Título: O referendo sobre as armas
Autor:
Fonte: O Estado de São Paulo, 15/10/2005, Notas e Informações, p. A3

A maior parte das armas em poder dos bandidos foi tomada de pessoas de bem que as adquiriram legalmente. Logo, para privar os bandidos dessa fonte de abastecimento de revólveres e pistolas, desarme-se a população ordeira - afirma a propaganda a favor da proibição do comércio de armas de fogo. Certo? Errado, muito errado! Esse é um sofisma grosseiro, para justificar uma falsa solução, que agride a lógica e fornece a desculpa para as autoridades incapazes de conter o surto de banditismo que há anos castiga o País. Vejamos: se os delinqüentes se armam, roubando pessoas de bem, o que os agentes do Estado têm de fazer é impedir que os bandidos ajam à vontade, e não desarmar as pessoas honestas. Mas o que está em jogo no referendo do dia 23 não é uma simples questão de lógica. Vai-se decidir, por maioria simples, se os cidadãos abdicam de um direito fundamental da pessoa humana: o de legítima defesa, sua e de sua família. Sendo esse o verdadeiro objeto do referendo, causa espécie que nenhum dos defensores da teoria das cláusulas pétreas da Constituição tenha ido à Justiça para impedir a realização da consulta popular. Afinal, o seu resultado pode ser a revogação de um direito inalienável.

O fato é que a proibição do comércio de armas e munições, como se pretende, não constitui apenas limitação ou regulamentação de um direito. Se for aprovada, a liberdade será duplamente esbulhada: estará suprimido um direito - o que é um retrocesso cívico - e consagrada mais uma intromissão do Estado na esfera da escolha individual - o que caracteriza a segunda agressão à liberdade. O Estado pode decidir, por meio de leis como o Estatuto do Desarmamento, que para adquirir uma arma o cidadão preencha rigorosos requisitos. Pode limitar a casos especialíssimos o porte dessas armas. Mas serão violados os direitos constitucionais se impedir que o cidadão se proteja e à sua família, vedando-lhe o acesso aos meios de defesa. E, se isso acontecer, ficam derrogados ainda os direitos à incolumidade, à dignidade e ao patrimônio, além de tornar-se tábula rasa o direito à legitima defesa, que as leis asseguram.

Essas mesmas leis, quando determinam que só ao Estado cabe punir os criminosos, não estatuem que o cidadão deva ficar inerme e indefeso diante do assaltante, do assassino ou do estuprador. Como afirma o jurista Adilson Abreu Dallari, 'defender-se ou não, ter ou não ter uma arma, reagir ou não a uma agressão é uma opção pessoal'. E essa opção deixará de existir se for proibido o acesso às armas necessárias à defesa pessoal.

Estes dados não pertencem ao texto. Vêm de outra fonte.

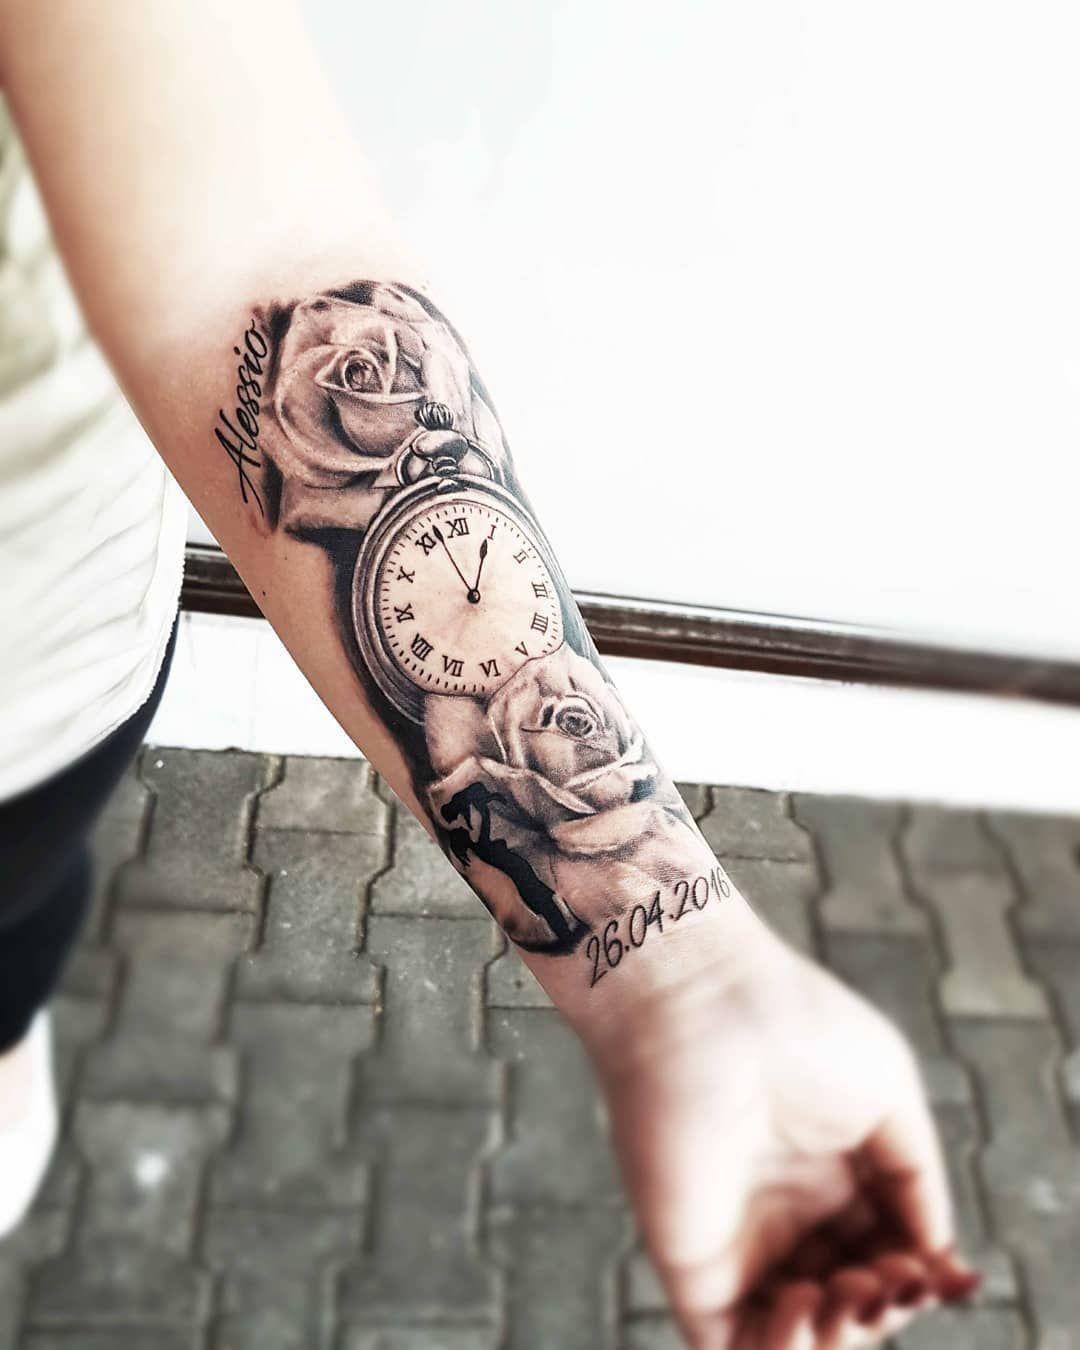 Cool forearm tattoos 202450945735728450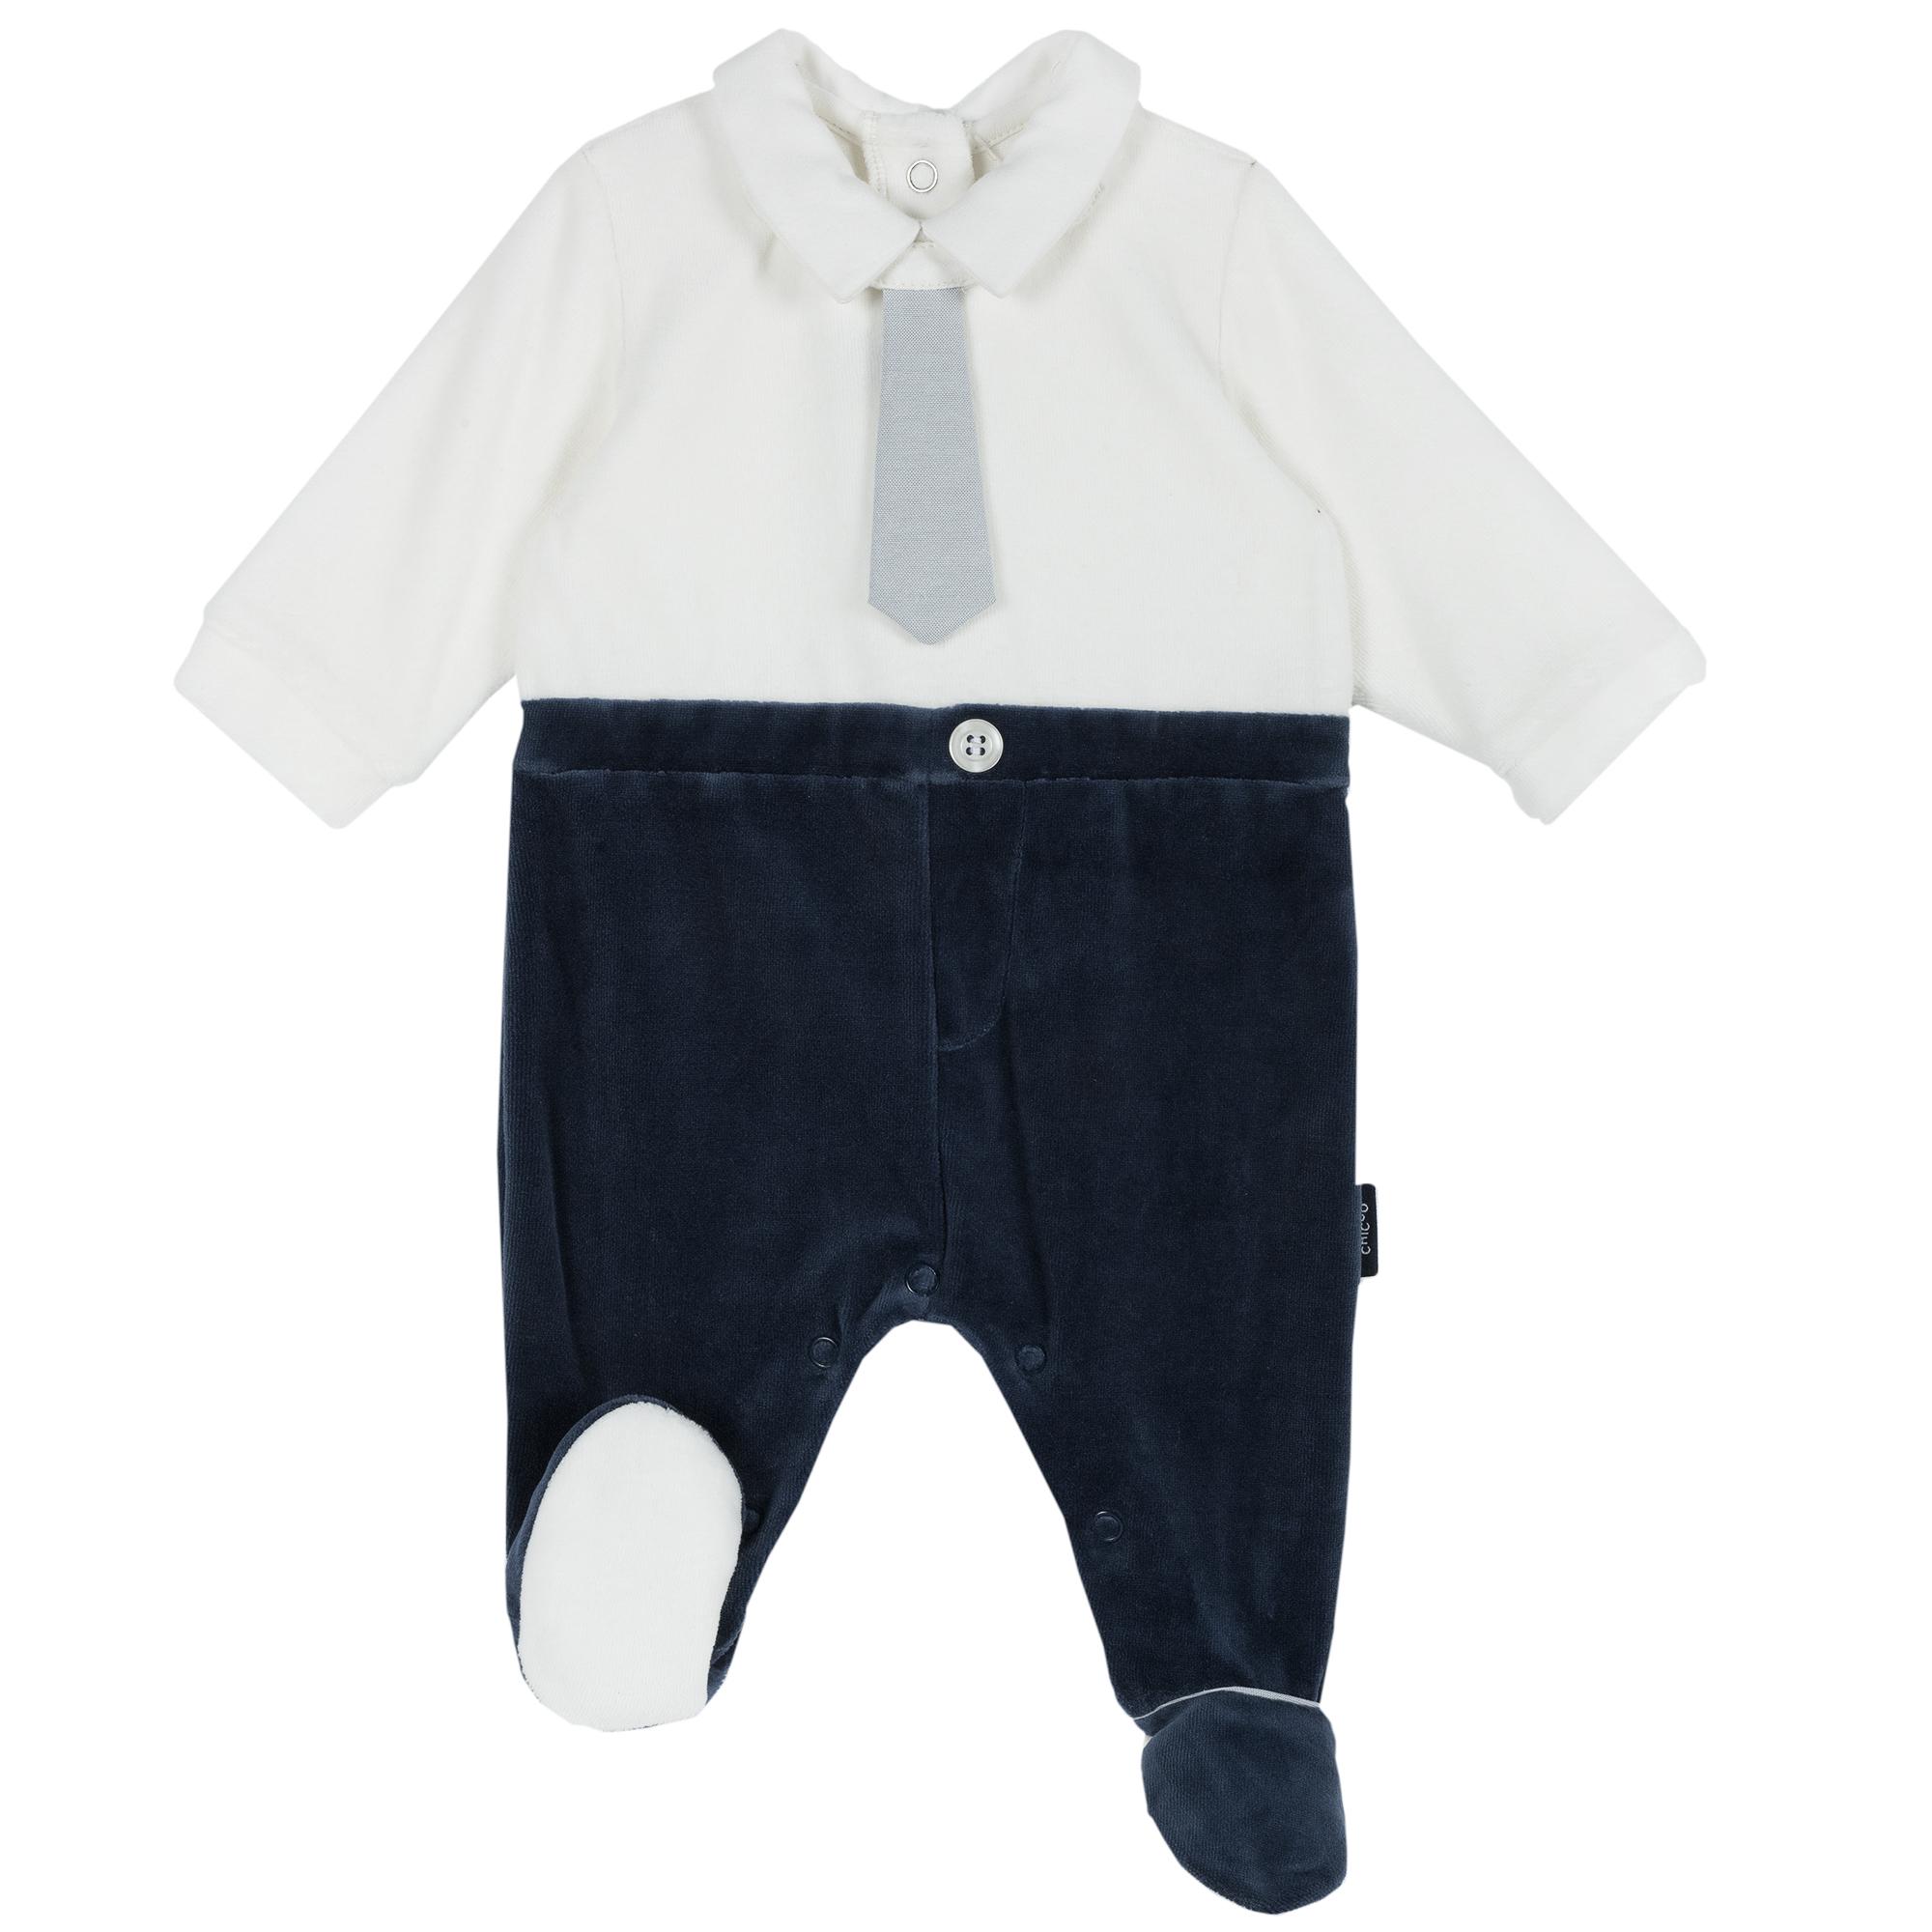 Salopeta copii Chicco alb cu bleumarin 62

Convocou-se um referendo cujo objetivo evidente é desarmar as vítimas e armar o governo com um argumento para disfarçar o fracasso de sua política de segurança. Os criminosos, esses, como reconhece o ministro da Justiça, continuarão armados. Esse é o corolário da estapafúrdia idéia, 'politicamente correta', que considera a vítima culpada pela agressão que sofre e o bandido é a vítima de tudo e de todos, inclusive e principalmente da sociedade. Segundo o bom-mocismo vigente, o agressor não comete um crime; pratica uma violência - e a vítima que reage não exerce seu direito de legítima defesa; também pratica uma violência. Bandidos e pessoas de bem foram igualados. É assim que se apresenta o referendo: uma manifestação da sociedade contra a 'violência'.

No entanto essa percepção é inerentemente violenta e autoritária. Primeiro, porque desarmando a população ordeira os bandidos ficam automaticamente incentivados a exercer o seu ofício nefando. Terão a certeza de que não correrão qualquer risco. Depois, porque erige-se em direito a intromissão do Estado não só na esfera das decisões individuais, mas na escolha do que é bom e do que é pernicioso para a sociedade.

Por fim, mas não menos importante, esse referendo mascara uma das mais gritantes falhas do governo. A população brasileira, ao contrário do que se tenta fazer crer, não está armada até os dentes. Não mais de 1,4% dos brasileiros tem uma arma em casa. Na Suíça, onde as estatísticas da criminalidade violenta são irrelevantes, um terço dos habitantes tem pelo menos uma arma de fogo. O problema é que, aqui, a polícia e o sistema judiciário são ineficientes.

Se há crimes em excesso, se a população se sente insegura, isso se deve a governos como o atual, que não hesita em gastar R$ 270 milhões com o plebiscito, mas não aloca mais do que R$ 170 milhões para as despesas com segurança pública. É esse o verdadeiro problema.